DATASET EXTRACT:
########
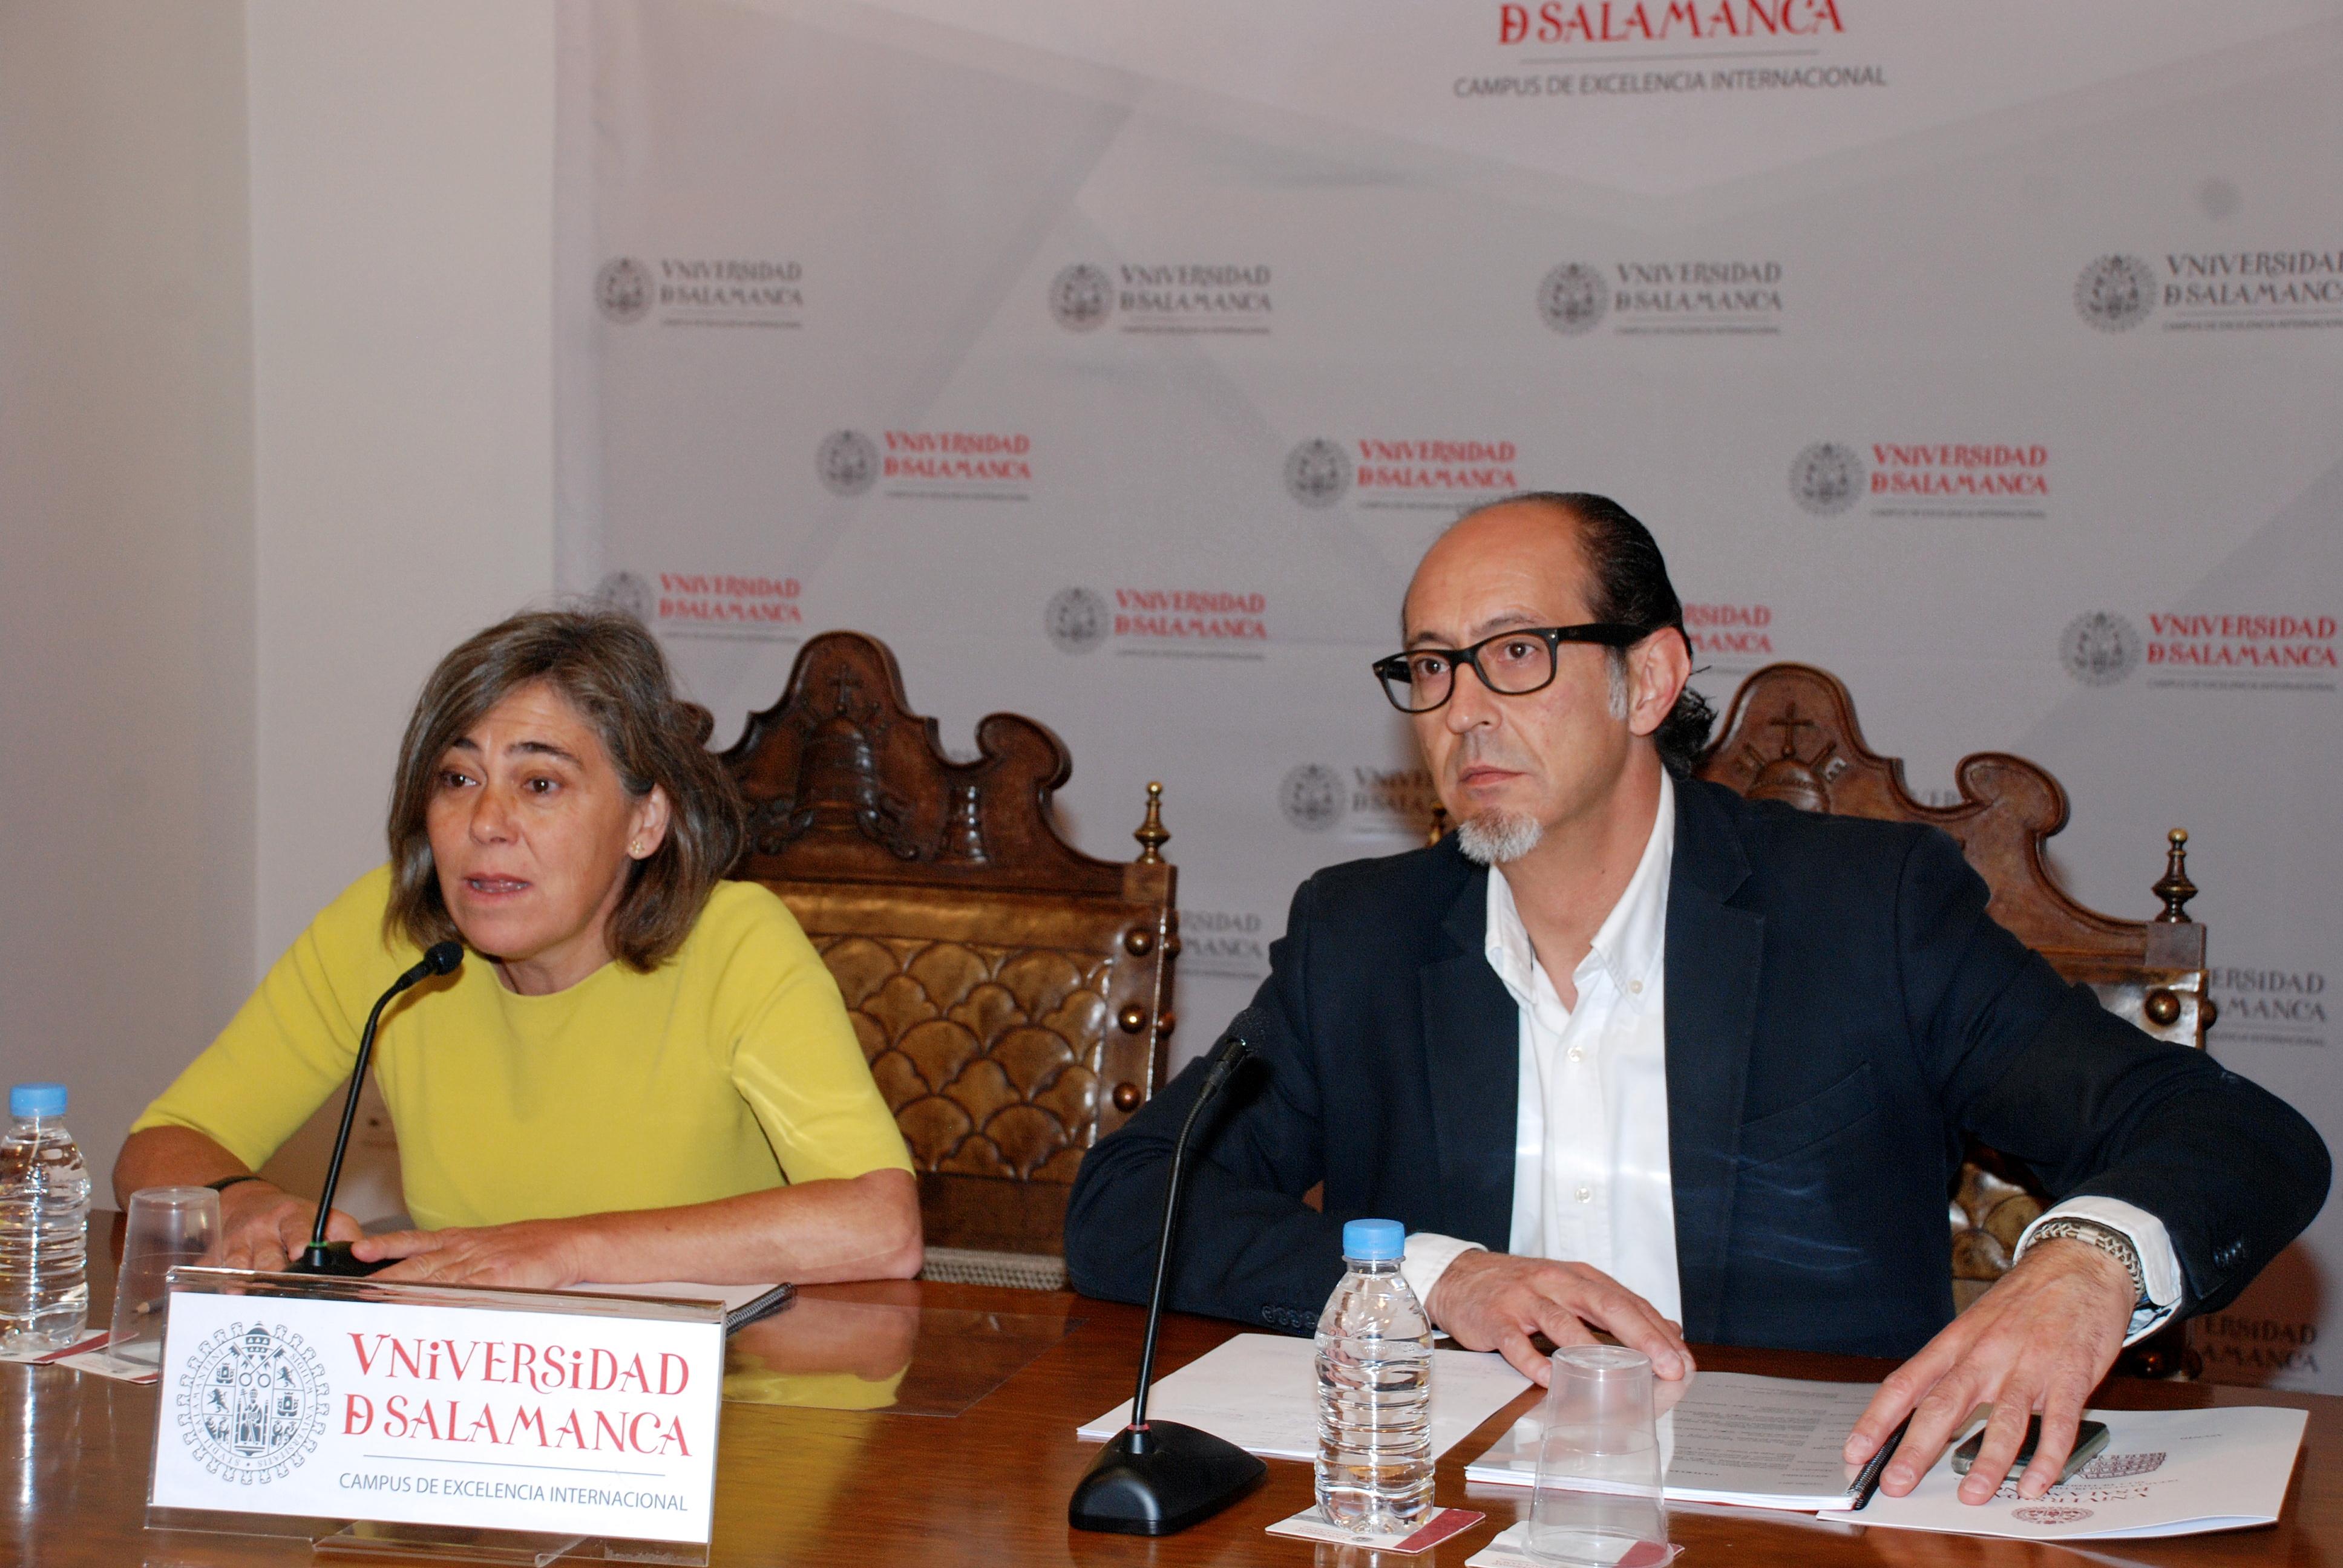 Teatro, música, arte, cine y la literatura se reúnen en la nueva programación 'Cultura en curso' de la Universidad de Salamanca
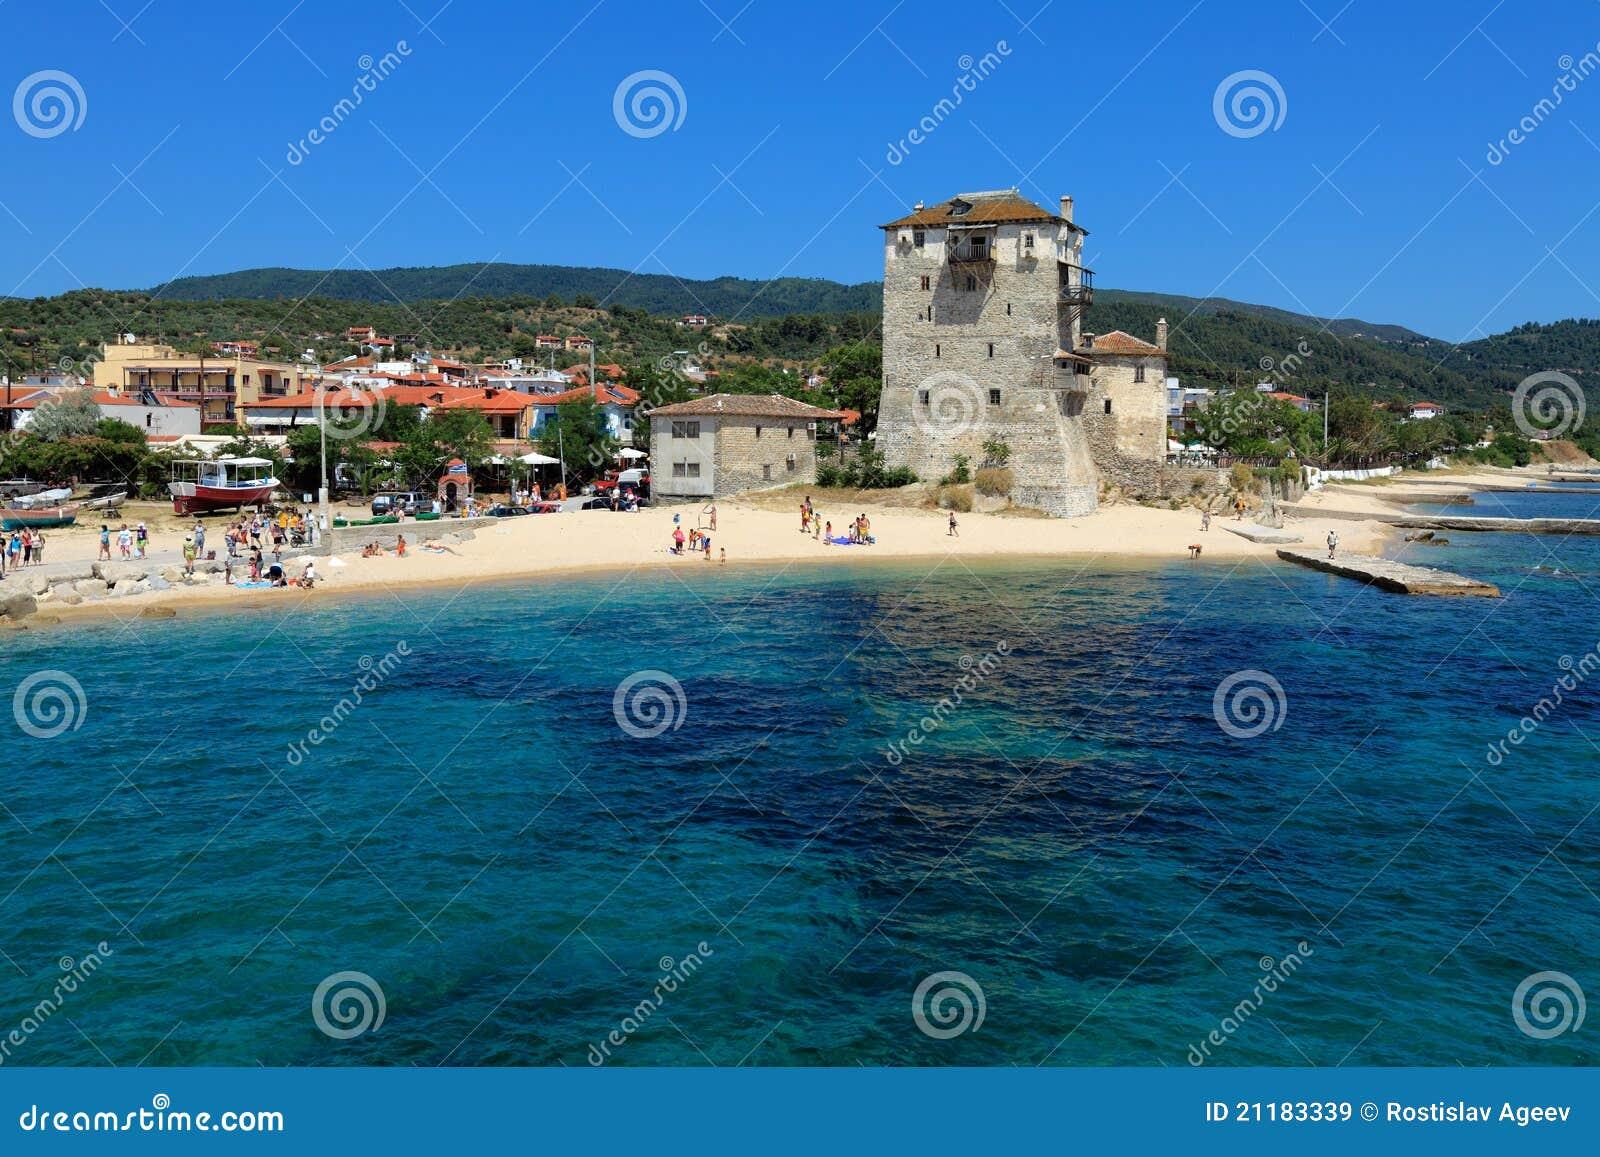 Phospfori tower in Ouranopolis, Athos Peninsula
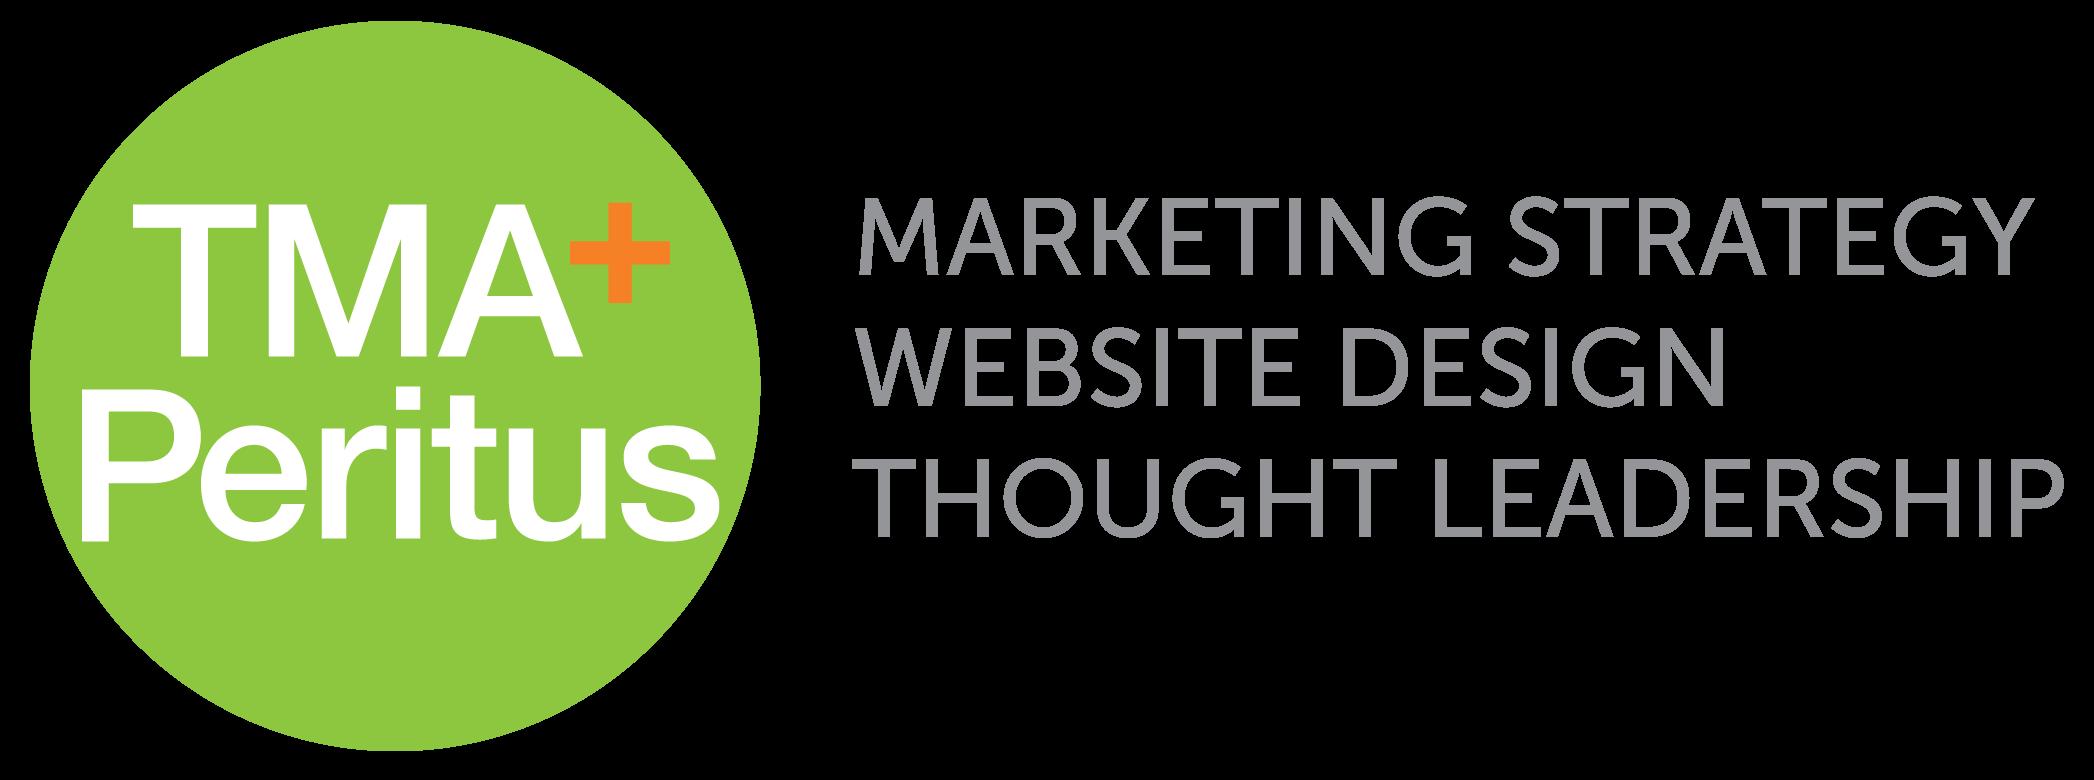 TMA + Peritus Logo
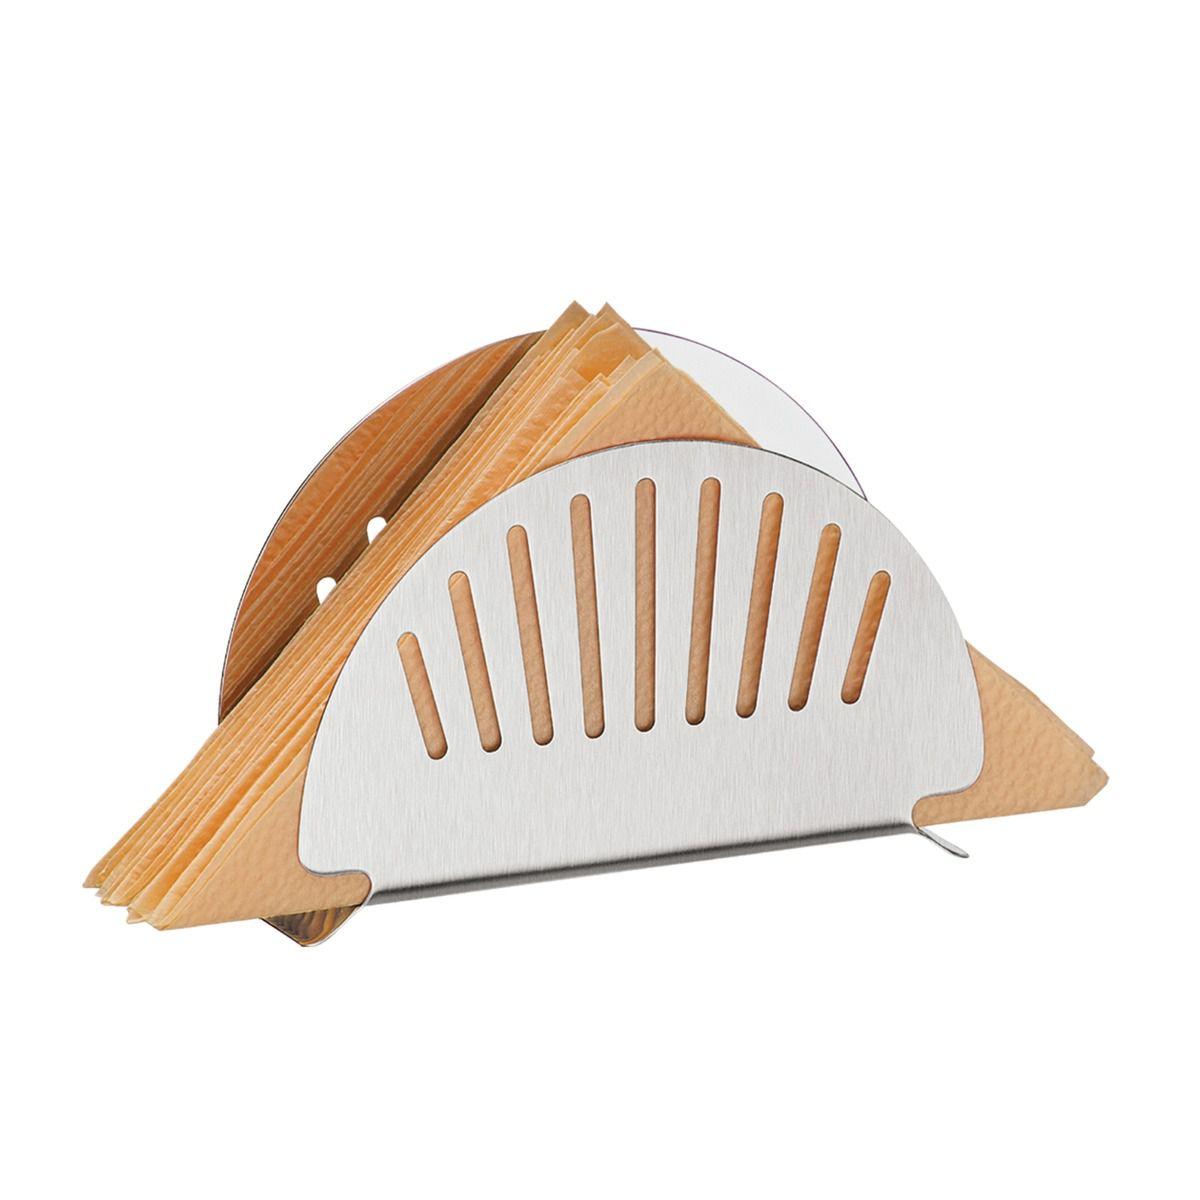 Porta Guardanapos Tramontina em Aço Inox com Detalhes Vazados 61144/120 | Lojas Estrela
########
PROBLEM TO SOLVE:
Take the line that contains "TMA + Peritus Logo" and all lines after it to the end of the material above, and copy them verbatim without any images.

RESULT:
 TMA + Peritus Logo
 Porta Guardanapos Tramontina em Aço Inox com Detalhes Vazados 61144/120 | Lojas Estrela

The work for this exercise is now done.